There were 23 EM patients in the study, with 9 having the gene mutation found in the SCN9A encoding gene of voltage-gated sodium channel subtype Nav1.7 and 14 not having the SCN9A mutation. The SCN9A mutation is the known etiology of inherited primary erythromelalgia.
Among our SCN9A+ patient cohorts, only 4 patients reported clinical improvement with mexiletine, accompanied by a 1- or 2- point reduction in Faces pain rating scale.
As previously noted, mexiletine as treatment for erythromelalgia is not always effective and may only be effective for SCN9A positive patients.
Concerning the episodic excruciating pain in patients with EM, a frequently used treatment of this disorder are the sodium channel blockers such as lidocaine and mexiletine. This nonselective partial block of voltage-gated Na+ channels targets segment 6 of domain IV of the alpha subunit. Clinical response varies and suggests that genotype may be important.
I’ve never been tested for the SCN9A mutation, but this study would seem to indicate I likely have it, considering the effectiveness of mexiletine for my symptoms.

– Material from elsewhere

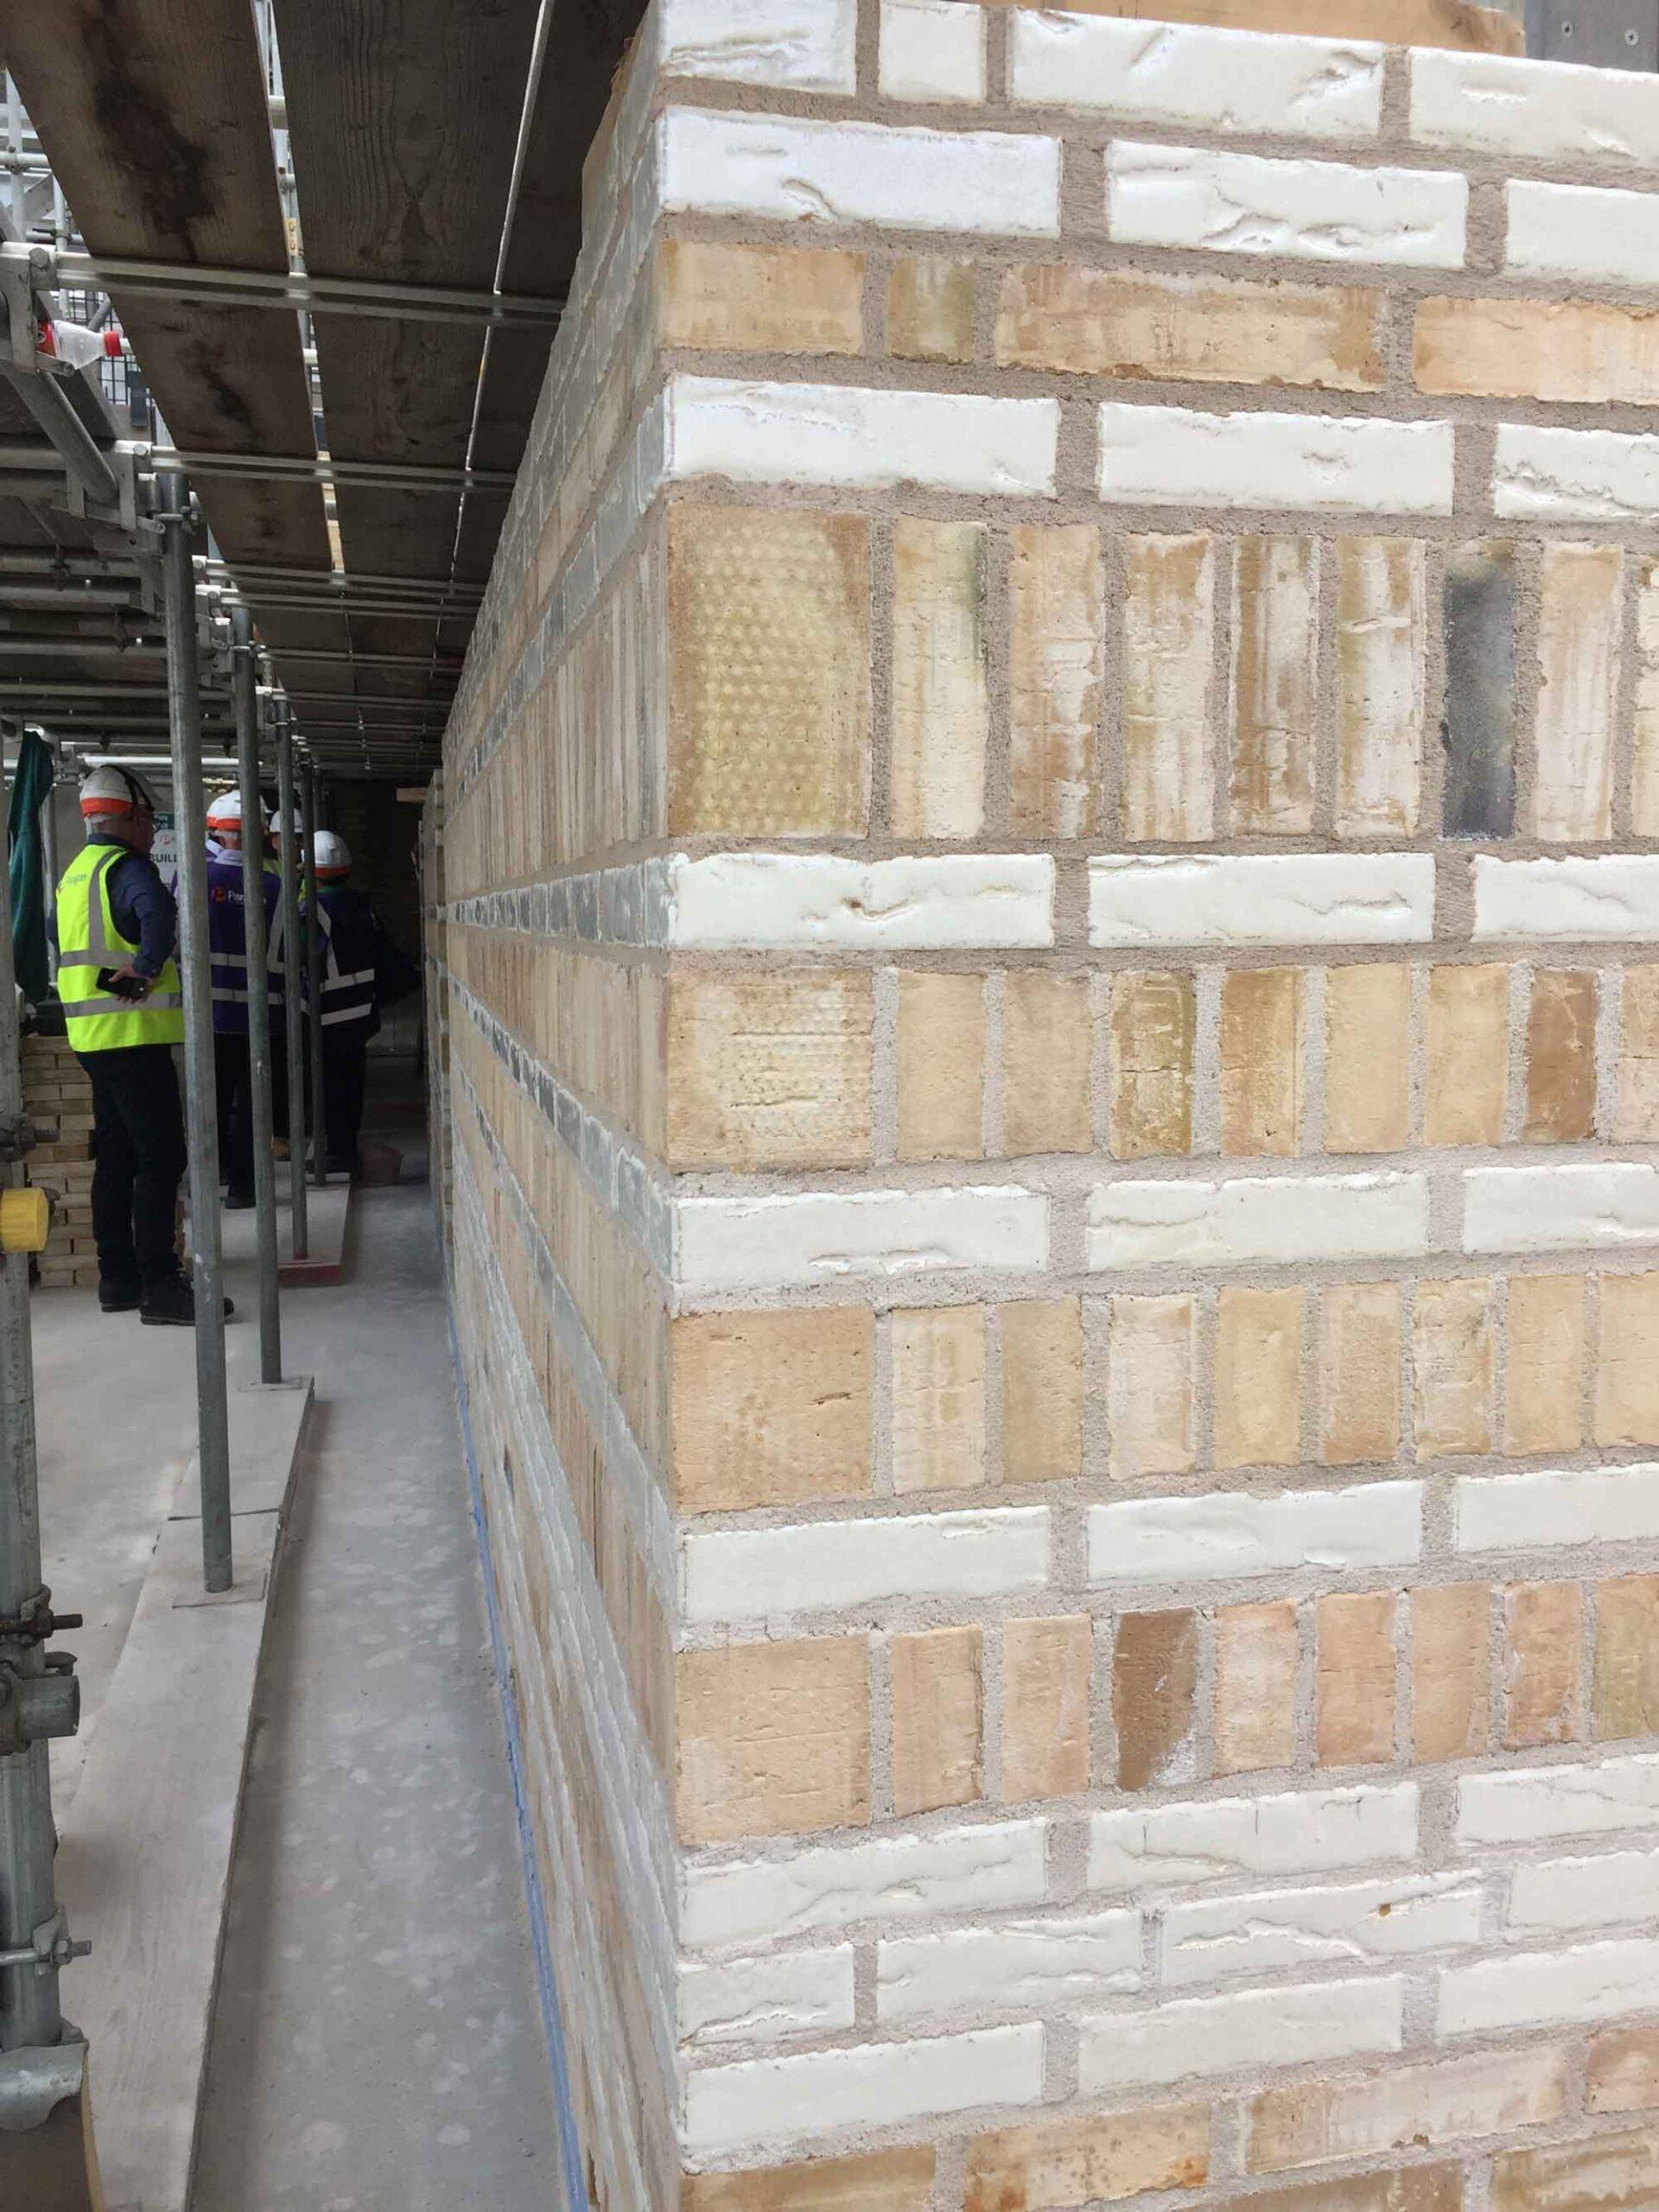 westminster-fire-station-openstudio-brick
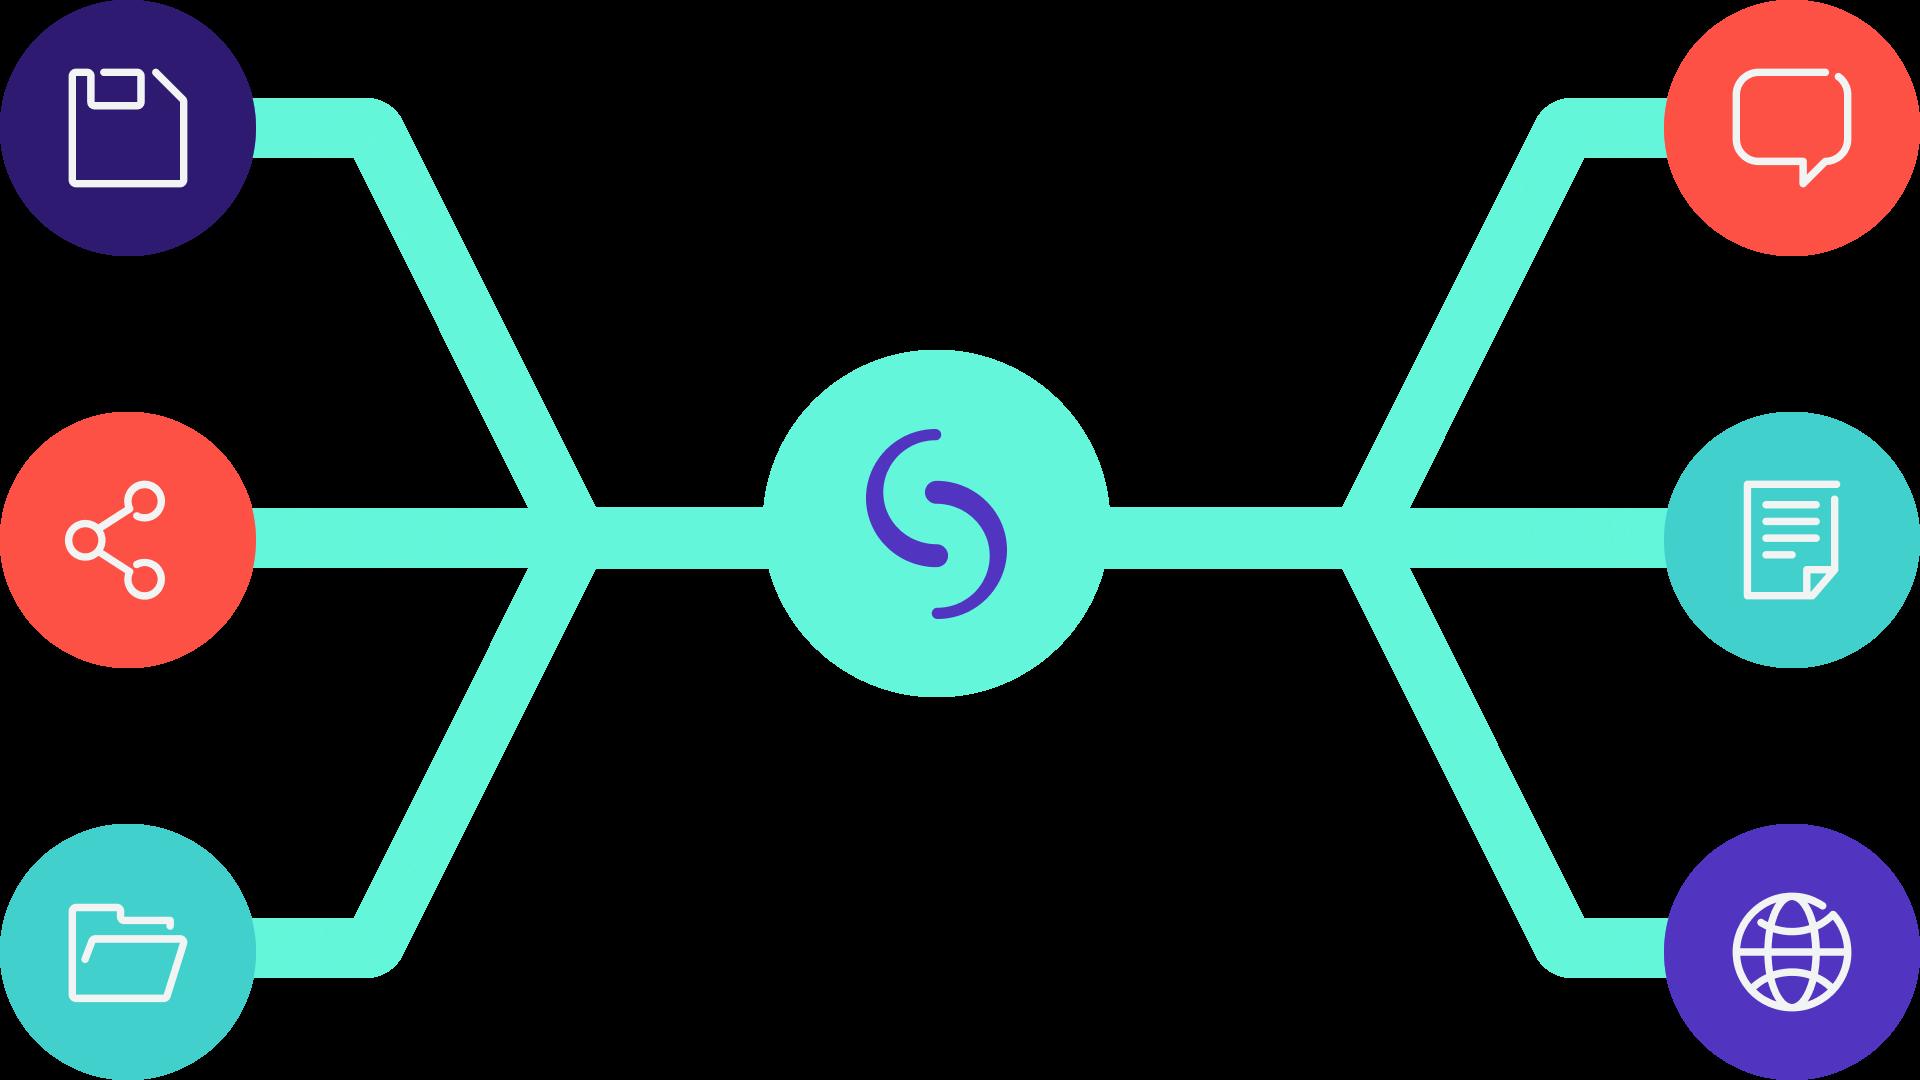 starmind_integrations_211007

EDIT: It’s not clear from my reading whether mexiletine was only administered to SCN9A+ EM patients or if it was only effective for SCN9A+ patients and ineffective for SCN9A− patients.
The full paper can be read at the link below:
Thank you so very much for all of this extra information. This will be a great help when I see the new specialist next month. I appreciate you taking the time to summarise this for me, it has been really helpful. Hope you’ve had a good week.